Either that or Kendrick Lamar is one of the greatest rappers of all time though I’m pretty sure it’s a bit of both. Only you have to understand that the subject at hand, before the viral views of Black culture, ultimately changed the narrative of hip-hop.

But that, of course you already knew.

On March 31, 2019 Nipsey Hussle was gunned down in front of his store in Los Angeles, California—just ten months before an aircraft flew into the ground, burning on the hillsides of Calabasas confirming 9 deaths in total. 

Except, TMZ later identified Kobe Bryant as one of the bodies.

And so in the recent years of grief settled on the face of the West Coast, it was not news that the countenance of its people were carried away into the hearts of prayers for redemption. 

Though I wonder if maybe Kendrick was the answer: an infinite grief redeemed beyond the veil

And meanwhile, I’m beginning to think there’s something very moving about this.  And none of which has anything to do with Kendrick himself but the essence of who he is and what it stands for. 

Except, you have to understand. 

Over 16,000 people stood as he rose from the bottom of the stage: a full lit arena loomed in a vision of pearls as pure souls echoed through the shadows before he could even deliver a single word. 

“Kendrick!” They shouted.

Threaded through the fabric of hip-hop, molded over the ways and works of manifested destiny—the sequence of revolution, in the end muffled through the fingers of its own enemy.

“Kendrick!” They shouted. 

Their flesh renewed of sacrificial blood from colonial roots, they insisted on freedom.
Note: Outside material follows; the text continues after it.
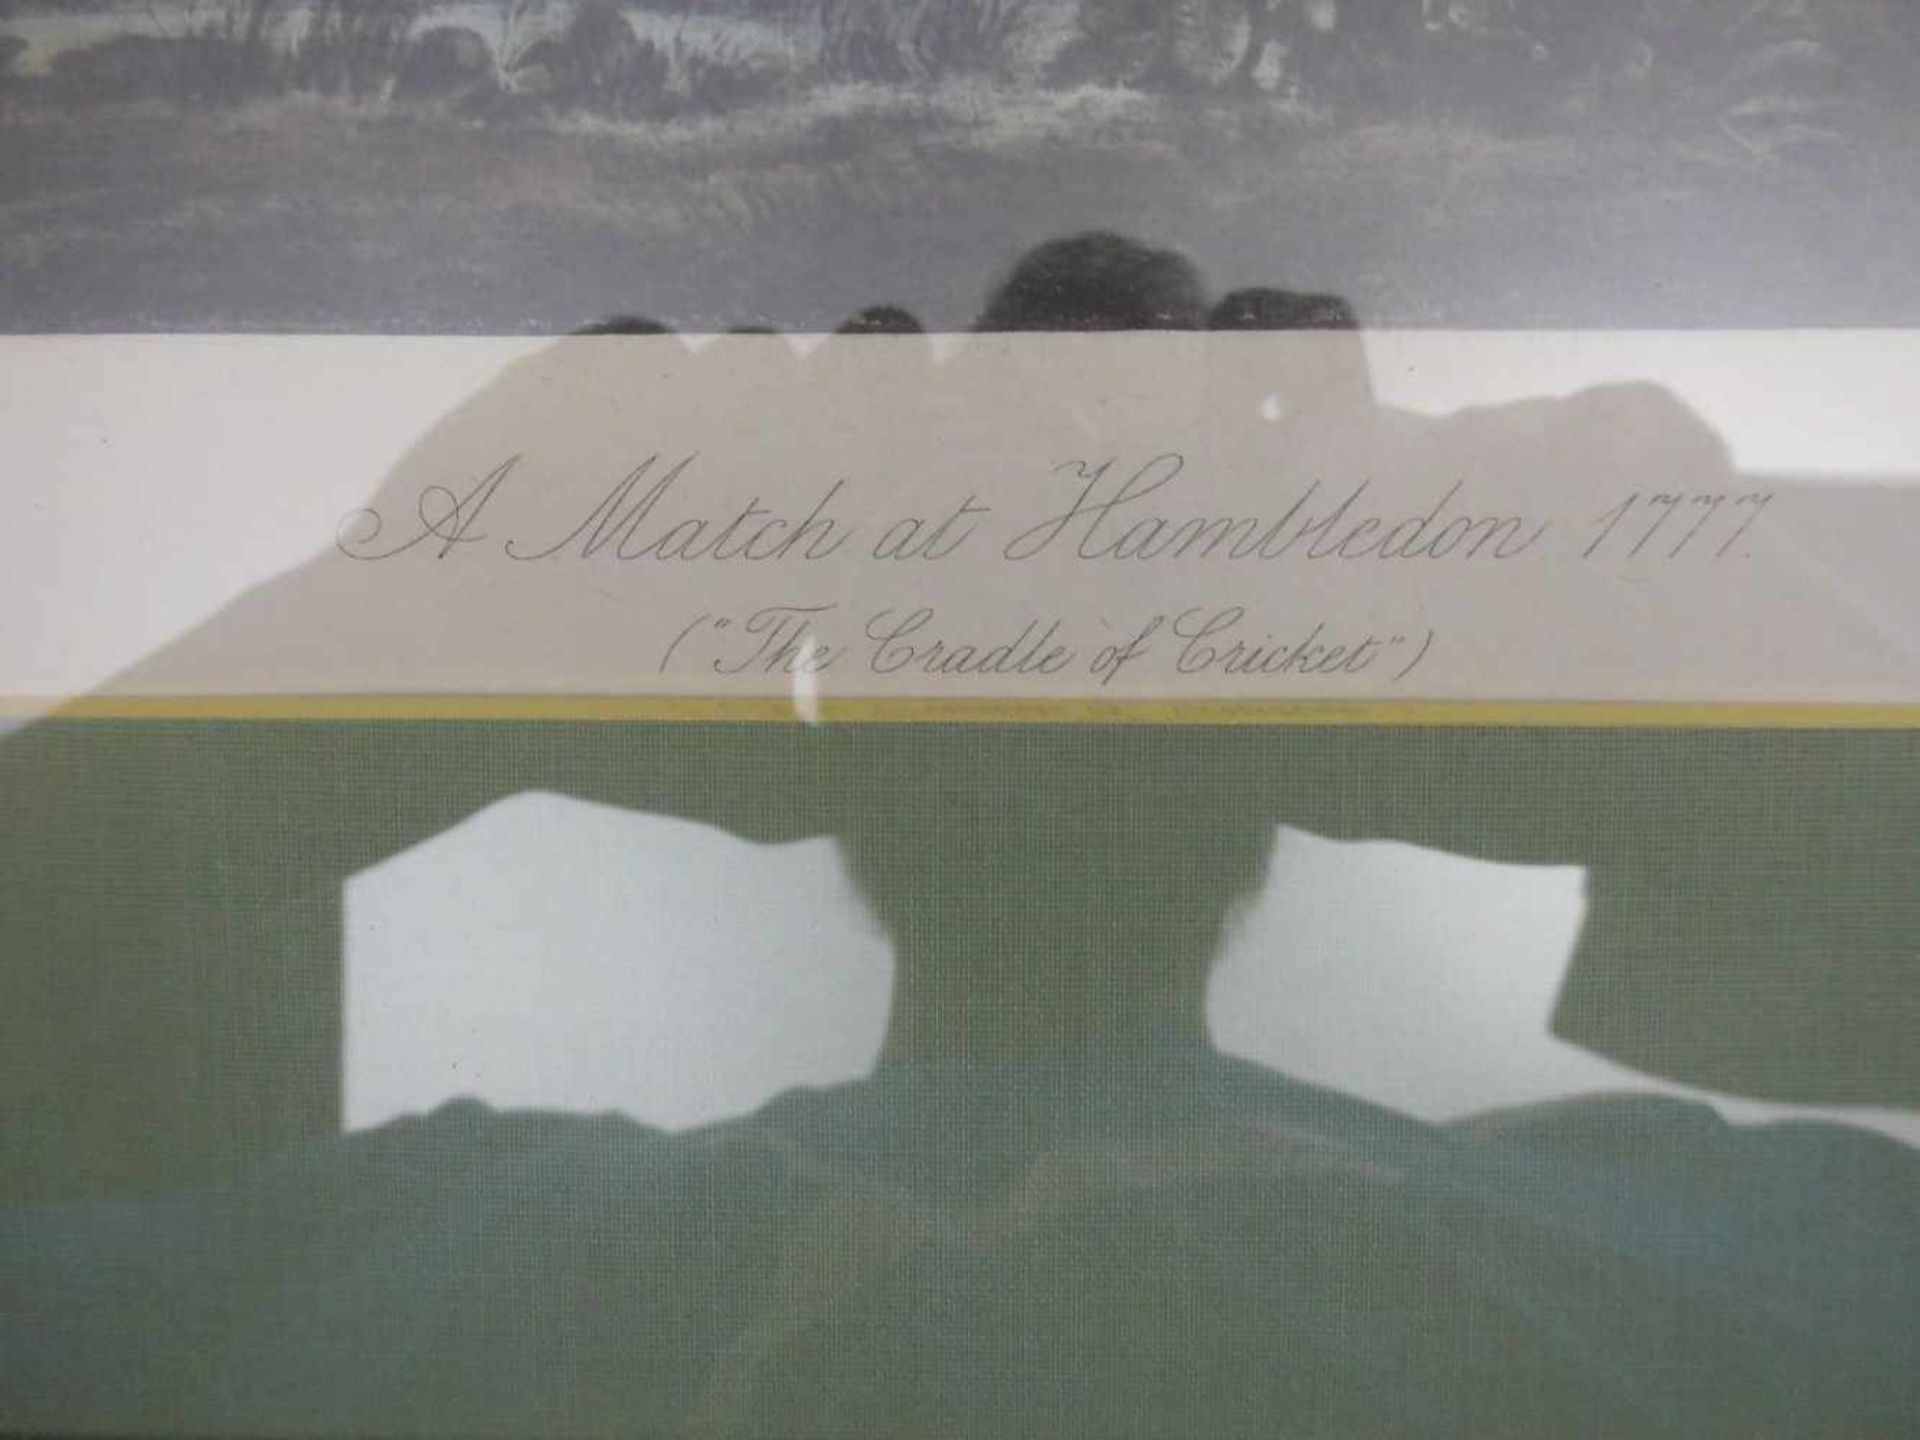 GRAFIK ZUM KRICKET-SPIEL: "A MATCH AT HAMBLEDON 1777 ("The Craddle of Cricket"), Farbdruck, " - Bild 2 aus 3

And yet the paradox of one’s soul to realize more deeply the feelings of the grieved, you must understand that this is beyond beef. 

A sort of dream assembled; a symbol where words of song grew more as the crowd gave in a transcendence of inflections, cadences unquestioned the courage it took to rewrite history.

And at last it came. 

 

Wop wop, wop, wop, wop, Dot fuck ‘em up

Wop, wop, wop, wop, wop, I’ma do my stuff

Why you trollin like a b#tch? Ain’t you tired?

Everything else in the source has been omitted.